The breakthrough, as I talked about, came in the mid to late 1990s with the advent of conformal and intensity modulated radiation therapy but the breakthrough was also a pilot study that was performed at St Jude Children’s Research Hospital during that time. We published that in The Journal of Clinical Oncology in 2004 and later updated our series in 2009 in Lancet Oncology. What we found is not only excellent event free and overall survival in children of all ages, and this again is from the pilot data from St Jude, but we also published functional outcomes looking at neurologic, endocrine and cognitive outcomes in these very young children. So I think we’ve documented very carefully the safety of advanced radiation in very young children. In the study that I presented yesterday we also have a number of biologic aims and functional outcome aims, we’ve collected that data, we’ve collected that tissue and the analysis is currently ongoing.

What else would you like to highlight from the trial?

The important thing here is that this was a very unique group of patients, very young, treated with high dose radiation therapy with excellent outcomes. It has set an example for other tumour types that include very young children that radiation may be safely delivered even very soon after their initial diagnosis.
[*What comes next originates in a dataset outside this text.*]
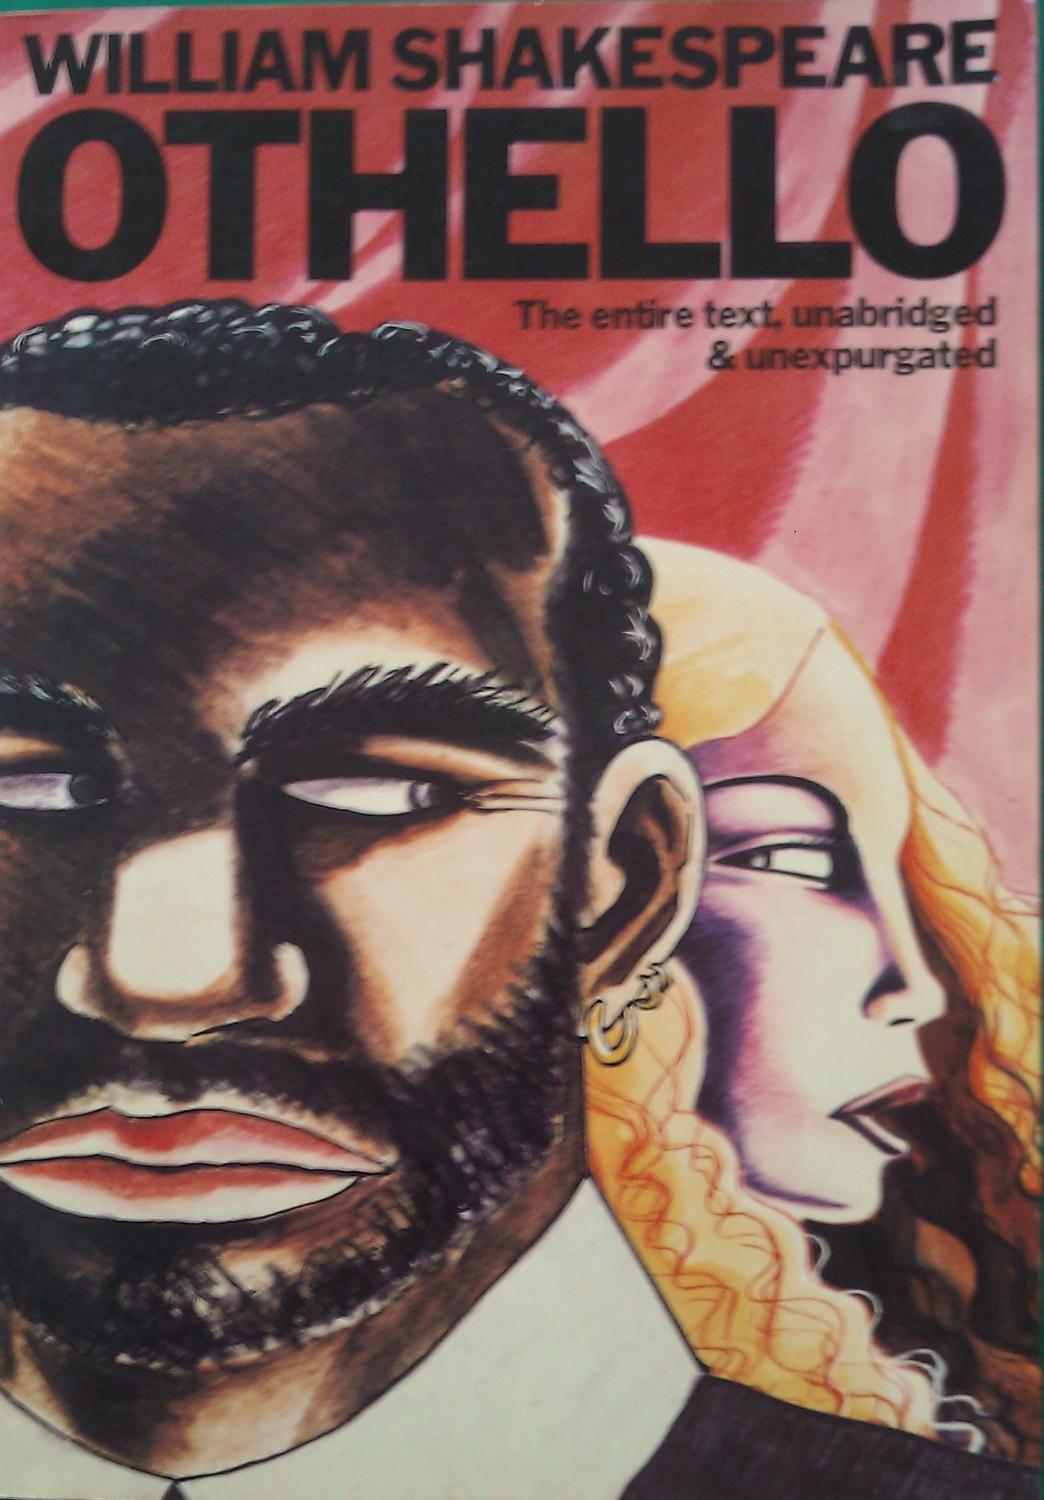 Othello: The Entire Text, Unabridged & Unexpurgated. - Shakespeare, William.

What would be your take home message?

I think that those who are involved in research, brain tumour research, have known for some time what the results would look like from this study; obviously this was the final presentation. So investigators have a good understanding of the work that we’ve done, it’s now become a standard of care and so current trials and future trials use what we’ve done as a backbone and we’re looking for newer ways to improve disease control and functional outcomes in these children. Europeans launched a trial for ependymoma this year that includes not only what we’ve done as a backbone but further escalation of radiation dose for high risk patients. In the United States we’re currently testing the benefit of chemotherapy given after radiation therapy to improve that event free survival that I reported as 70% in the more favourable cases.